The swearing in of Malcolm Turnbull as Australia’s 29th Prime Minister will inevitably bring the powerful technological forces that are re-shaping our economy into sharper focus.
This was one of the great failures of the government under Tony Abbott, and his Treasurer Joe Hockey. It did not articulate a positive response to the challenges and the opportunities presented by transformational technology.
When you change the government, you change the nation is the axiom. And the same is true in the case of the change of Prime Ministers. And the change that occurred last night after an extraordinary day in Canberra, are overwhelmingly positive for the technology sector.
In his first press conference as leader of the Liberal Party and as Prime Minister-designate, Mr Turnbull promised to lead “a thoroughly Liberal government” where the freedom of the individual and freedom of the market are paramount.
Addressing the challenges facing the economy he spoke of the digital forces that are shaping the world economy, speaking the language of technology.
“The Australia of the future has to be a nation that is agile, that is innovative, that is creative. We can’t be defensive, we can’t futureproof ourselves,” Mr Turnbull said.
“We have to recognise that the disruption that we see driven by technology, the volatility in change is our friend if we are agile and smart enough to take advantage of it.”
“There has never been a more exciting time to be alive than today and there has never been a more exciting time to be an Australian.”
“We will ensure that all Australians understand that their government recognises the opportunities of the future and is putting in place the policies and the plans to enable them to take advantage of it.”
This is important. In pointing to the challenges and opportunities of internet-based economic forces, he is already dropping important cultural markers.
If culture flows from the top, we now have a Prime Minister who for the first time is speaking the language of the industry, and bringing it directly into the mainstream economic conversation.
Mr Turnbull pointed to the successes of New Zealand Prime Minister John Key as someone who has achieved “very significant economic reform by explaining complex issues” and bringing the public with him in building intelligent policy.
It is too early to devote too much energy to reading the tea leaves about policy specifics. But it is clear that he will bring important components of the Communications portfolio around digital policy into the fold of the Prime Minister’s Office.

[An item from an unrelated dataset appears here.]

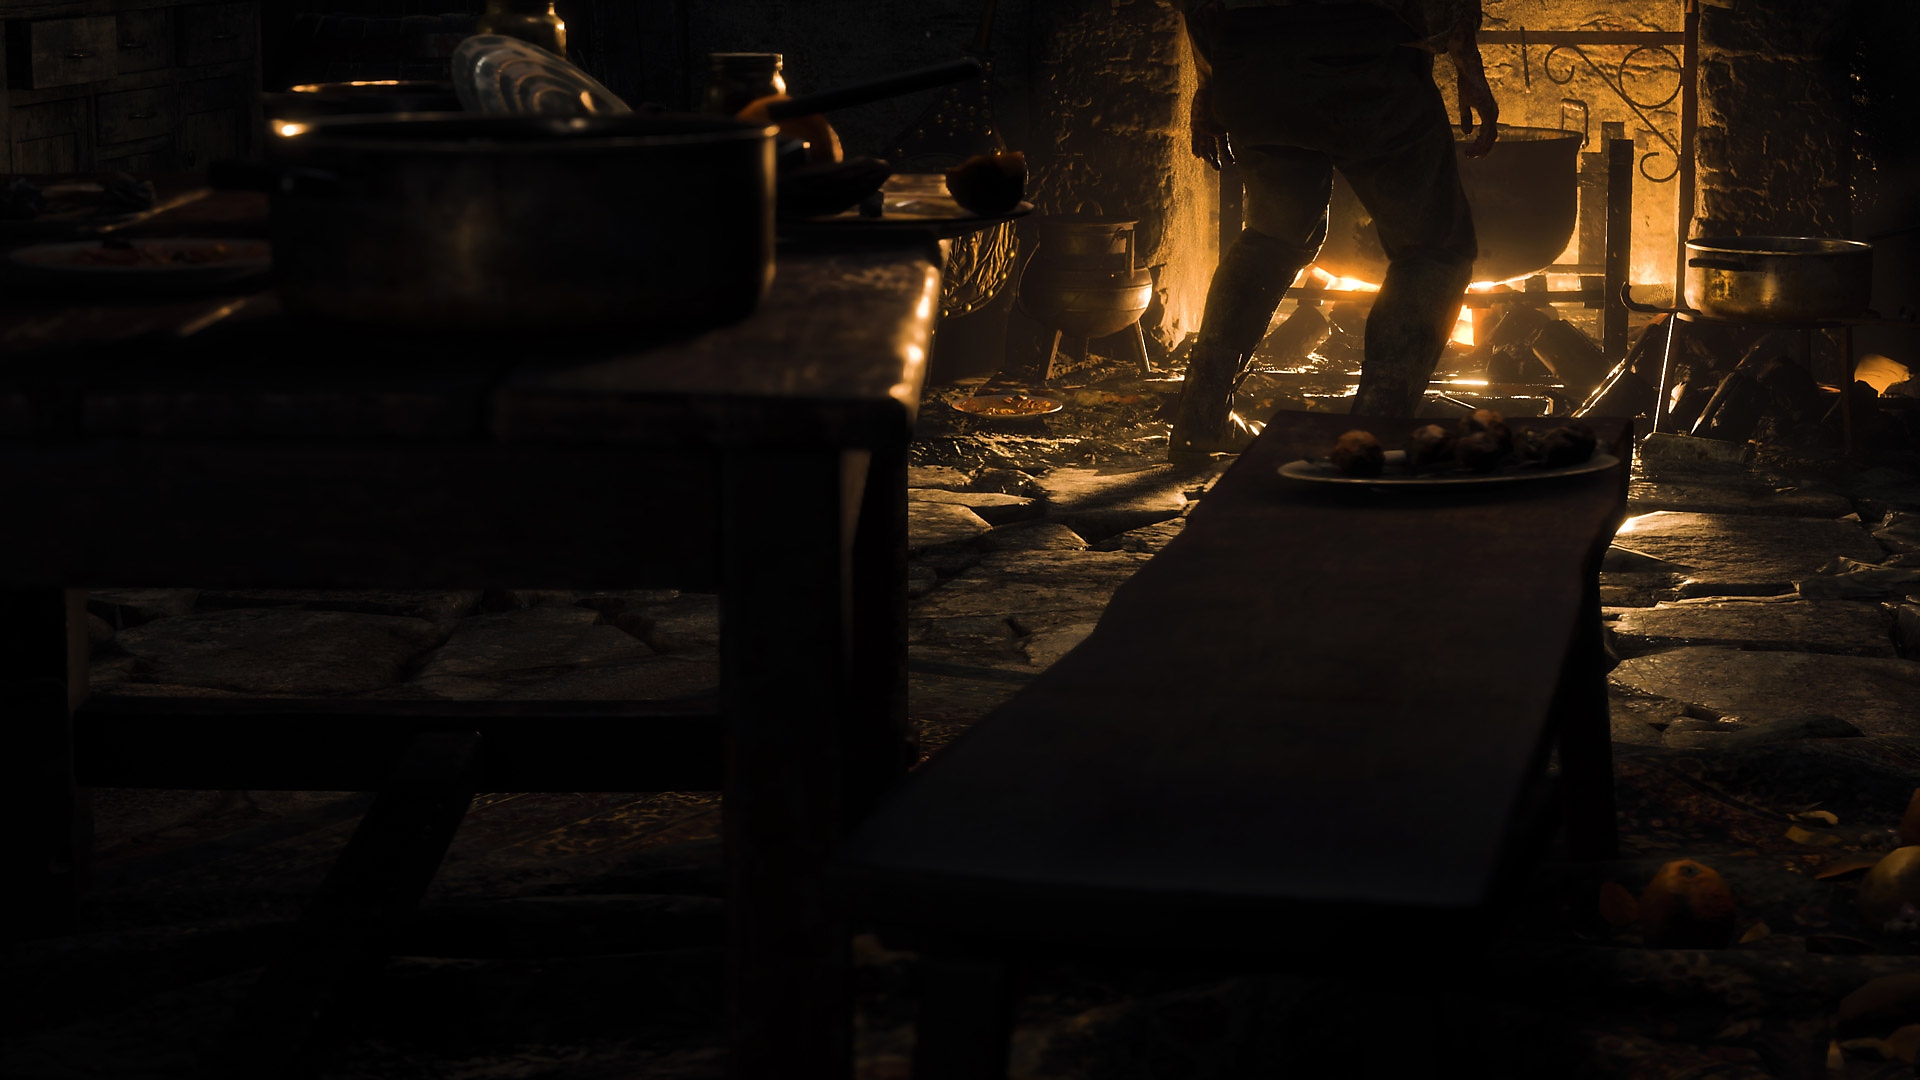 Istantanea della schermata di Resident Evil 4 che mostra una cucina rurale illuminata solo dalla luce del fuoco.

Importantly, he is likely to restructure the nexus between Communications and the Finance portfolios. Specifically, there will be sweeping changes to the way that the Commonwealth’s $6 billion technology budget is spent.
The Digital Transformation Office will enjoy both a bigger profile in government and will be given greater powers to shape government purchases, and to change back-end administrative information machinery of government process.
Prior to the 2013, Malcolm Turnbull had fully expected to be given responsibility for government ICT – to use the power of Commonwealth as the largest buyer and user of technology to drive cultural change across the digital economy.
This did not happen, and a series of election promises related to ICT procurement that were made before the 2013 poll did not come about as a result.
The DTO had been modelled on the UK’s Government Digital Service. But in the end, Australia was given a cut-down version that was charged with tinkering with the service interface between government and citizens.
This role will be expanded. Specifically, procurement mechanisms will be put in place to give the DTO far greater power over technology decisions in government.
Greater oversight and direction will come directly from the Prime Minister’s Office, and digital transformation issues will become a Cabinet issue with priority profile that is far greater than any previous government.
Mr Turnbull as Prime Minister will not be spending his days getting into the weeds of digital policy. But he will certainly set direction.
He will drive significant cultural change within the Australia Public Service that puts digital, citizen-centric services at the heart of government delivery processes. It will not be a side issue of the Communications portfolio, but a central issue of government.
He has spoken often of the economy-wide productivity improvements that can be delivered through the more efficient delivery of government services. The public sector makes up about a third of the Australian economy, such that any efficiency improvements to government service deliveries can have a material impact on Australia’s broader productivity numbers, and ultimately GDP.
Specifically, we can expect to hear much talk of government-as-a-platform, and an accelerated understanding of concepts of Open Government. The definitions of what constitutes a government service will change – and the private sector will almost certainly have more opportunity to deliver these government services.
Open Government, and government-as-a-platform structures play to Mr Turnbull’s deep belief in markets. If it is possible to create a market for a government service – and there are many areas where this can make sense – then it is likely structures will be put in place to enable these markets to operate.
This presents tremendous opportunities for Australian innovators, and for small Australian technology providers.
The great imponderable is the NBN. But it is unlikely to change significantly. And certainly anyone hoping the elevation of Mr Turnbull to the Prime Ministership will mean a return to a Labor-esque fibre-to-the-node network will be disappointed.
The direction of the NBN has been set. And with roll-out seemingly starting to gather pace, a new Communications Minister – whoever that is – will make little difference to that direction.